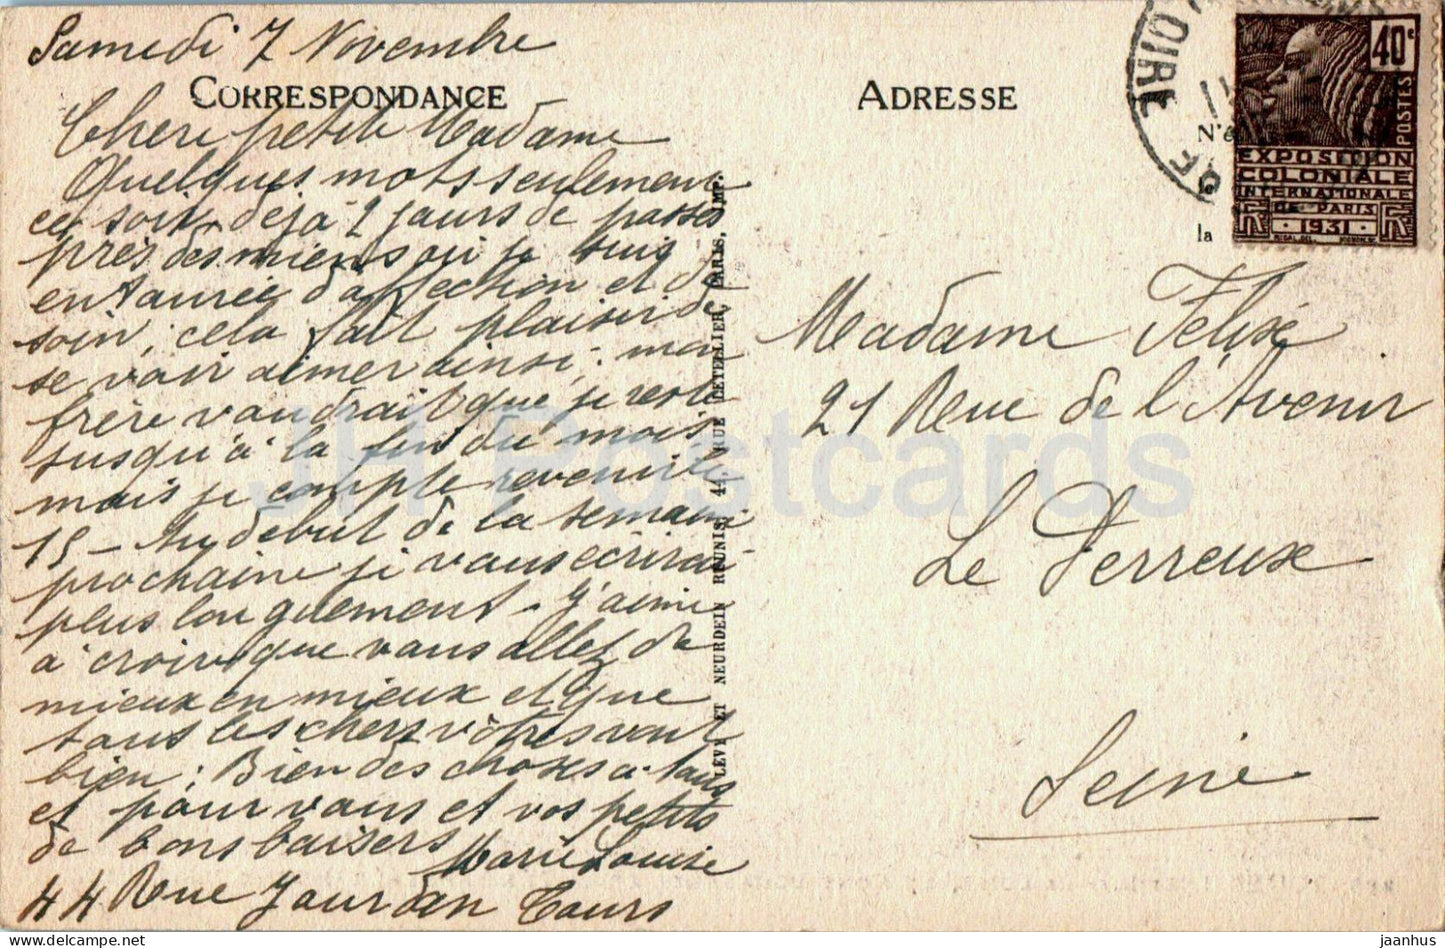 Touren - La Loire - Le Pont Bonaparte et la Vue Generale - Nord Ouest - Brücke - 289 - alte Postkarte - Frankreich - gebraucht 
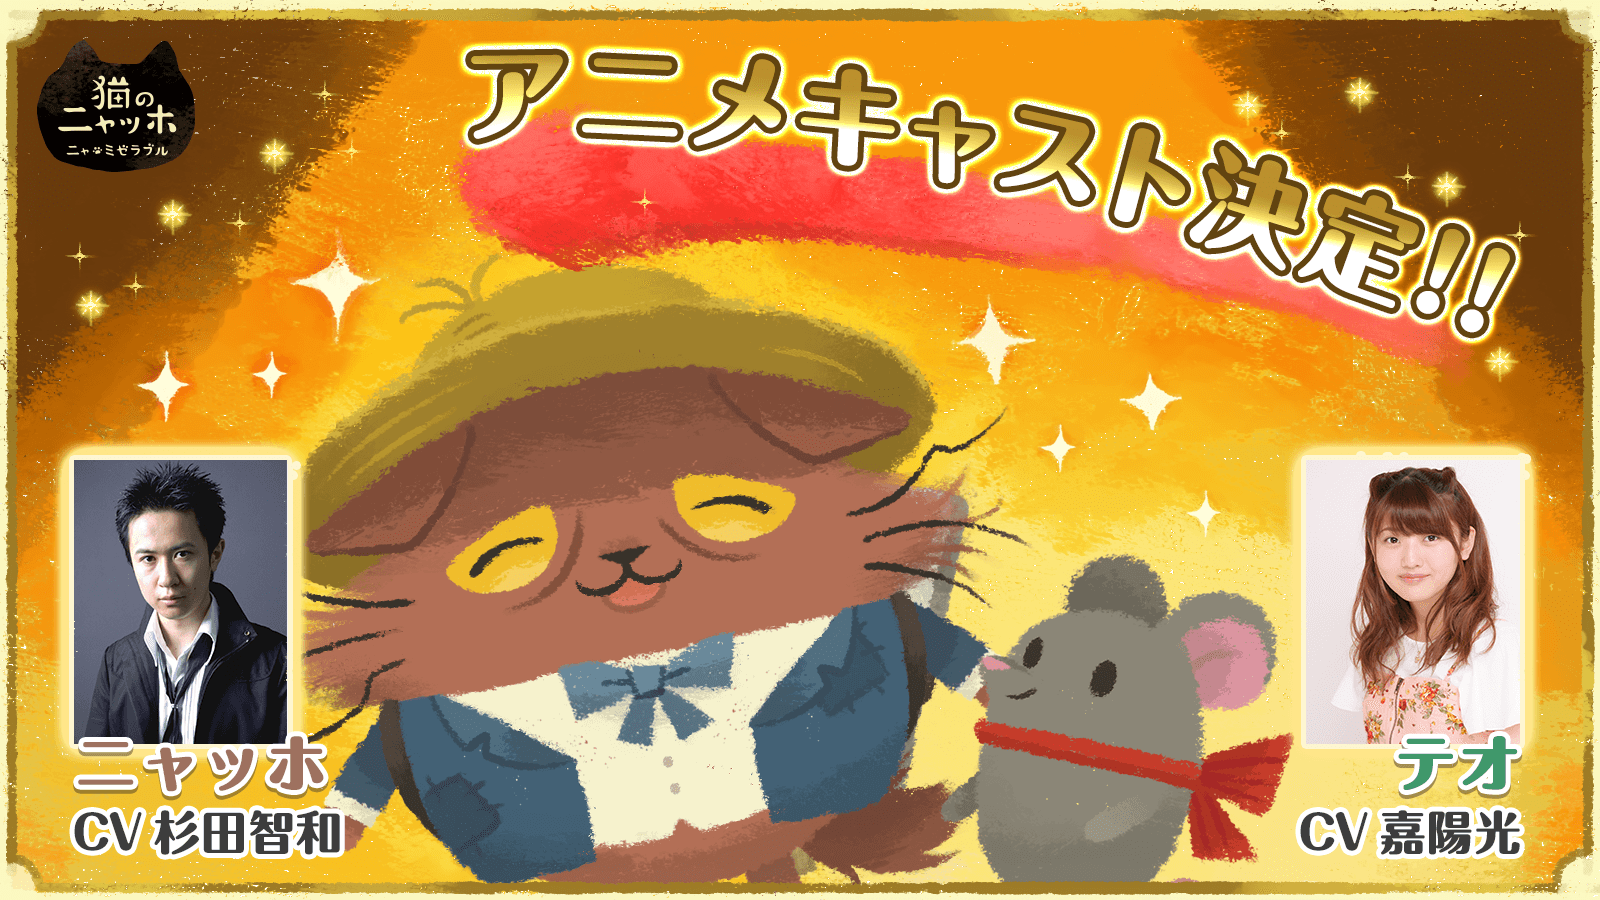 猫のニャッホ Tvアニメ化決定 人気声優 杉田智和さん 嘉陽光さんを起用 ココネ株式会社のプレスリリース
----
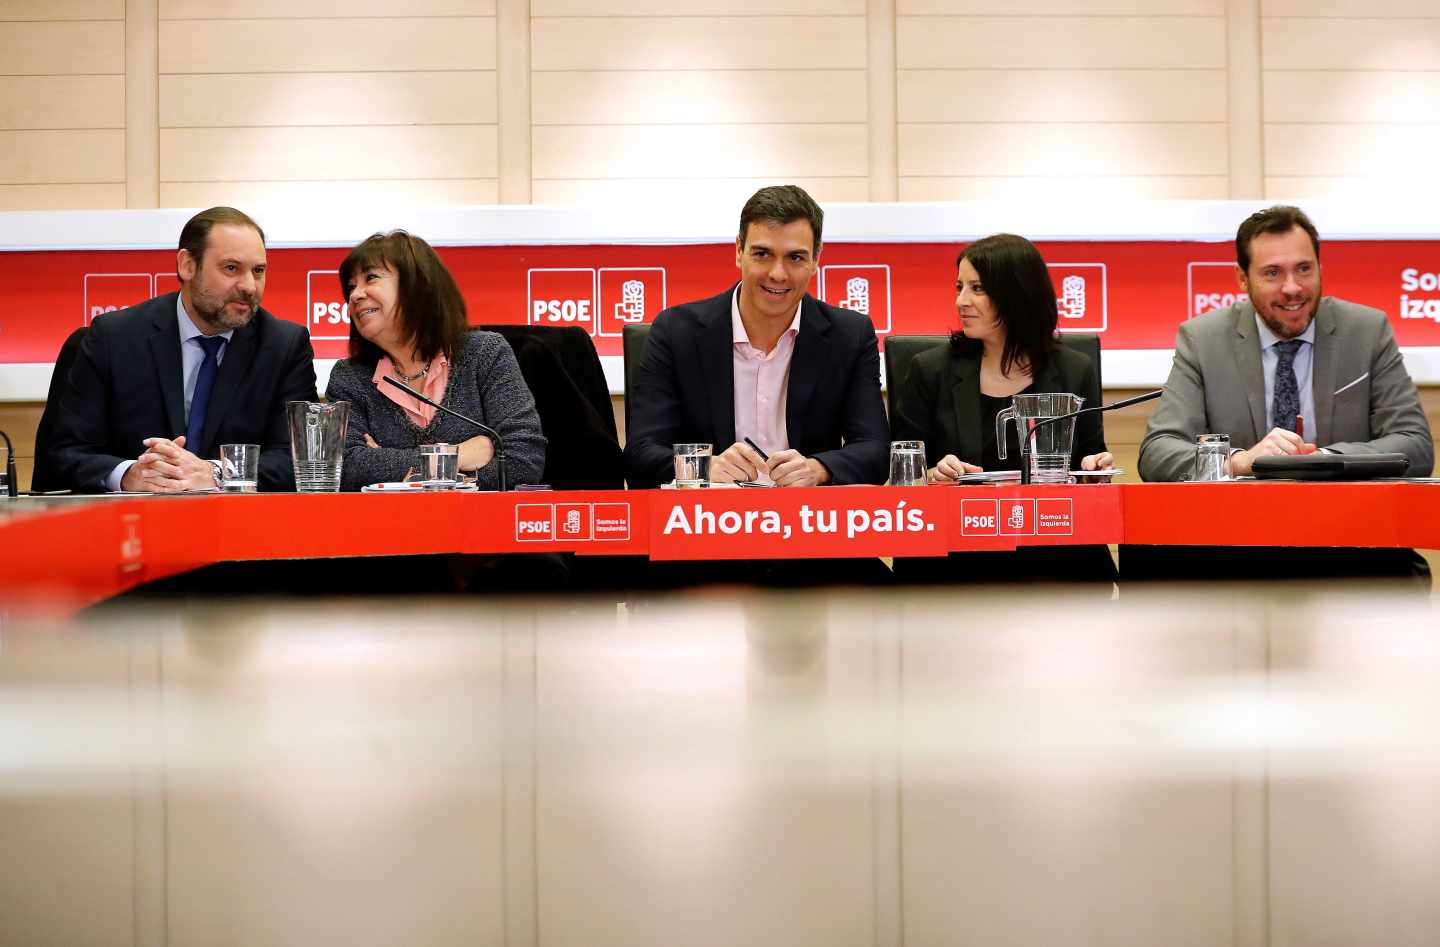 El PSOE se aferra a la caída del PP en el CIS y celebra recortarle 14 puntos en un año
----
Please print the lines above word for word, starting at the one with "Touren - La" and ending at the one with "猫のニャッホ Tvアニメ化決定 人気声優", both included, and without any picture.

 Touren - La Loire - Le Pont Bonaparte et la Vue Generale - Nord Ouest - Brücke - 289 - alte Postkarte - Frankreich - gebraucht 
 猫のニャッホ Tvアニメ化決定 人気声優 杉田智和さん 嘉陽光さんを起用 ココネ株式会社のプレスリリース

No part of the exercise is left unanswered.